I fall marginally on the side of an RDBMS.  There is definitely a case to
be made on both sides, but I'll point out a few things for the RDBMS.


(1) Flexibility.  Using an RDBMS is going to provide us with much greater
flexibility going forward.  We really don't know what the specific use
cases will be, but I am willing to bet they are user-focused (preferences,
etc).  The type of use cases that most web applications use an RDBMS for.


> If anything I would like to see the current RDBMS dependency come out...

(2) Don't we already have an RDBMS requirement for Ambari?  That's a
dependency that we do not control.


> ... hbase seems a good option (because we already have it there, it would
be kinda crazy at this scale if we didn’t already have it)

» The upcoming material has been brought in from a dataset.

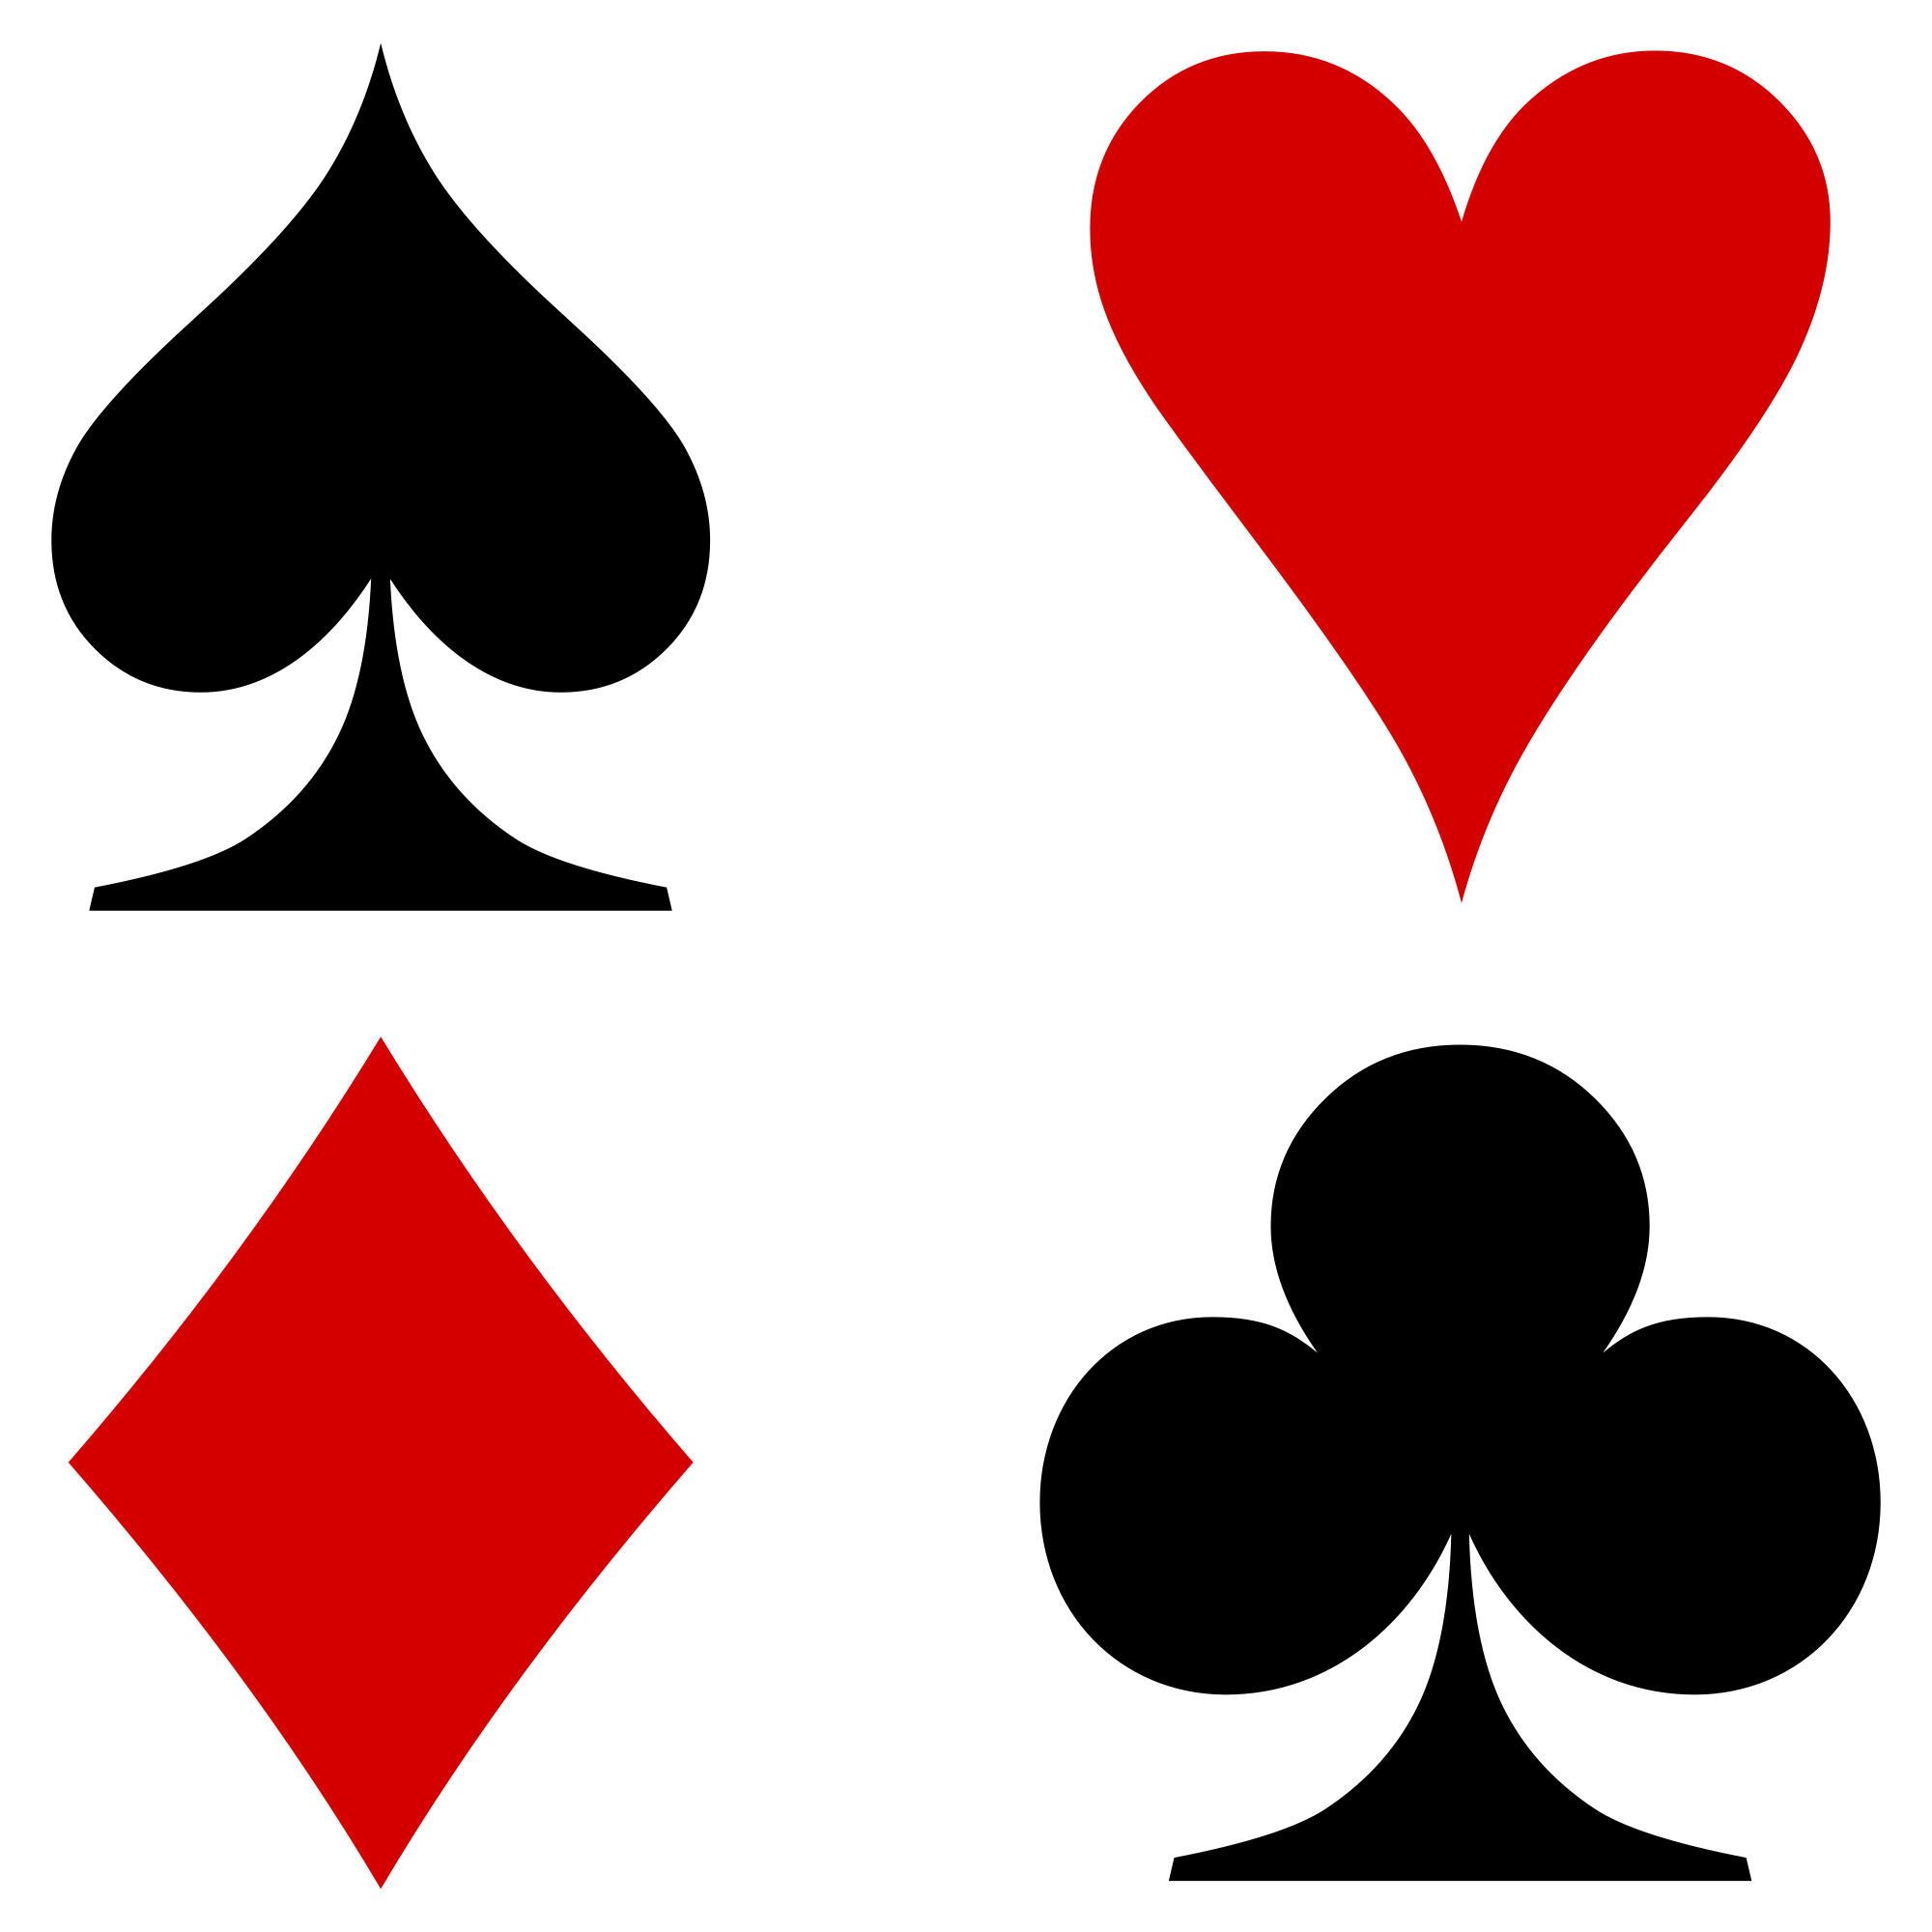 Heart In Deck Of Cards - ClipArt Best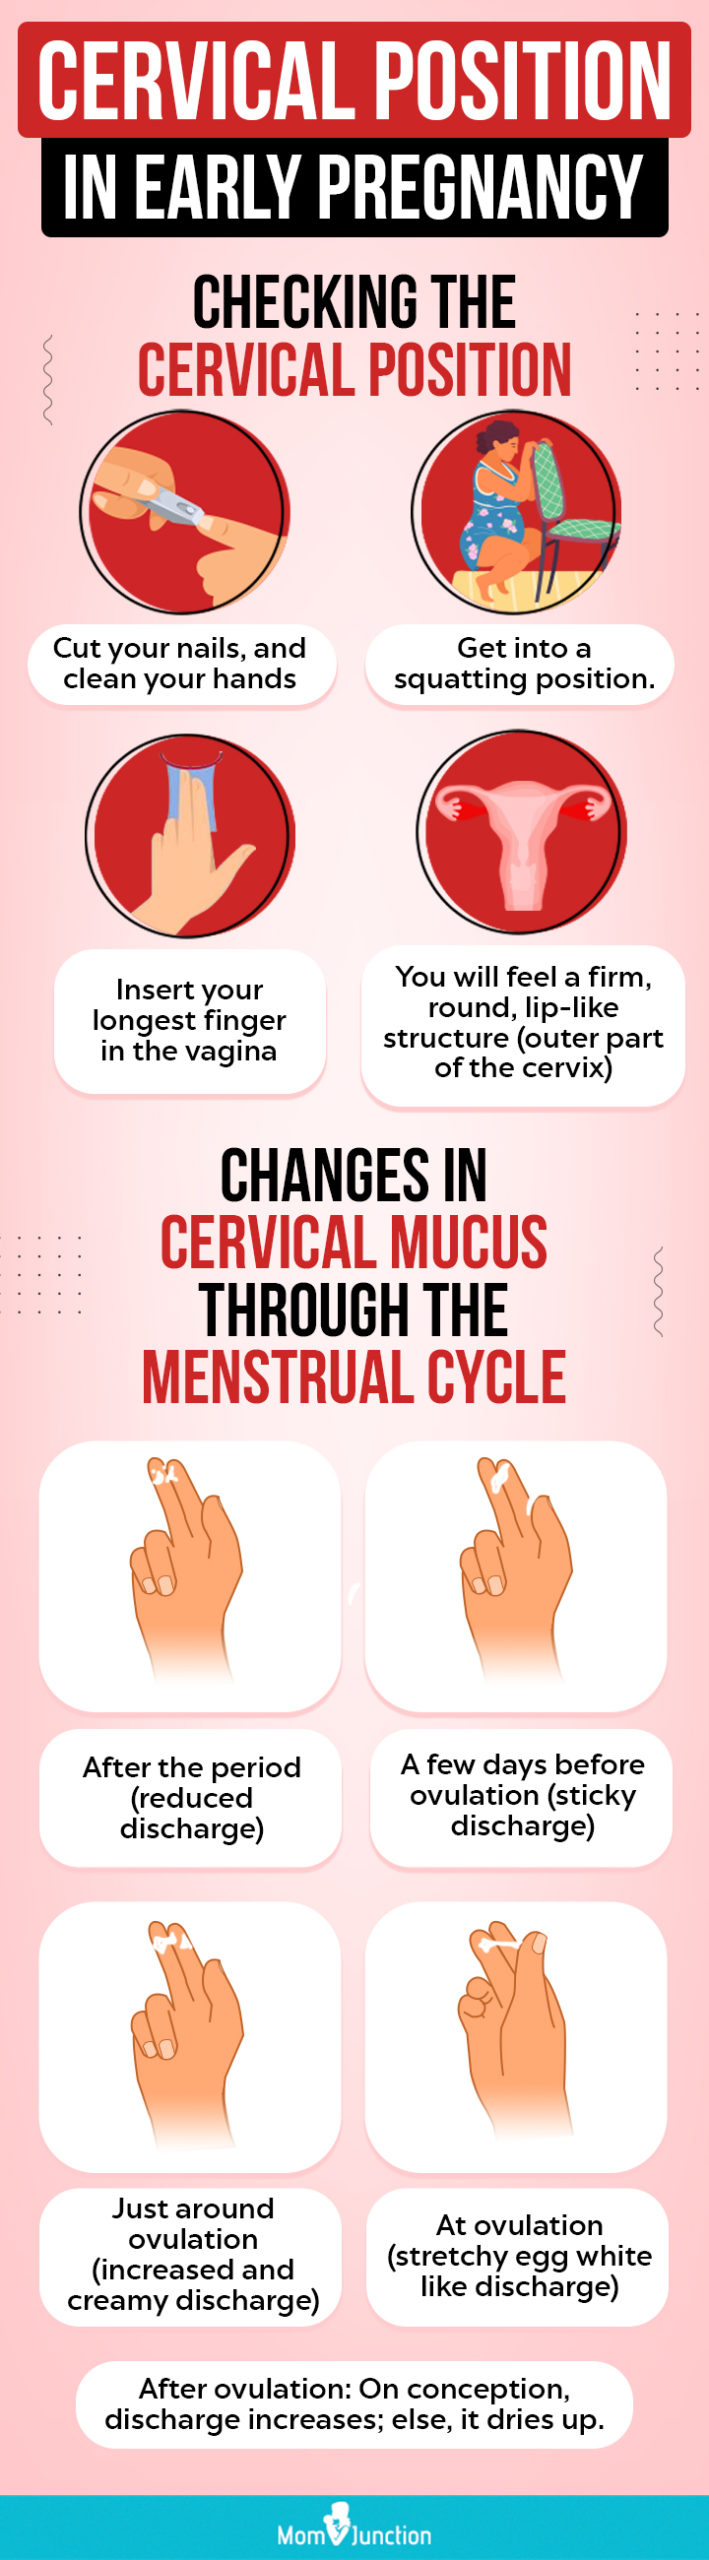 How to Check Your Cervix for Pregnancy

(3) In this scenario, the RDBMS would not scale proportionally with the
amount of telemetry, it would scale based on usage; primarily the number of
users.  This is not "big data" scale.  I don't think we can make the case
for HBase based on scale here.


> We would also end up with, as Mike points out, a whole new disk
deployment patterns and a bunch of additional DBA ops process requirements
for every install.

(4) Most users that need HA/DR (and other 'advanced stuff'), are
enterprises and organizations that are already very familiar with RDBMS
solutions and have the infrastructure in place to manage those.  For users
that don't need HA/DR, just use the DB that gets spun-up with Ambari.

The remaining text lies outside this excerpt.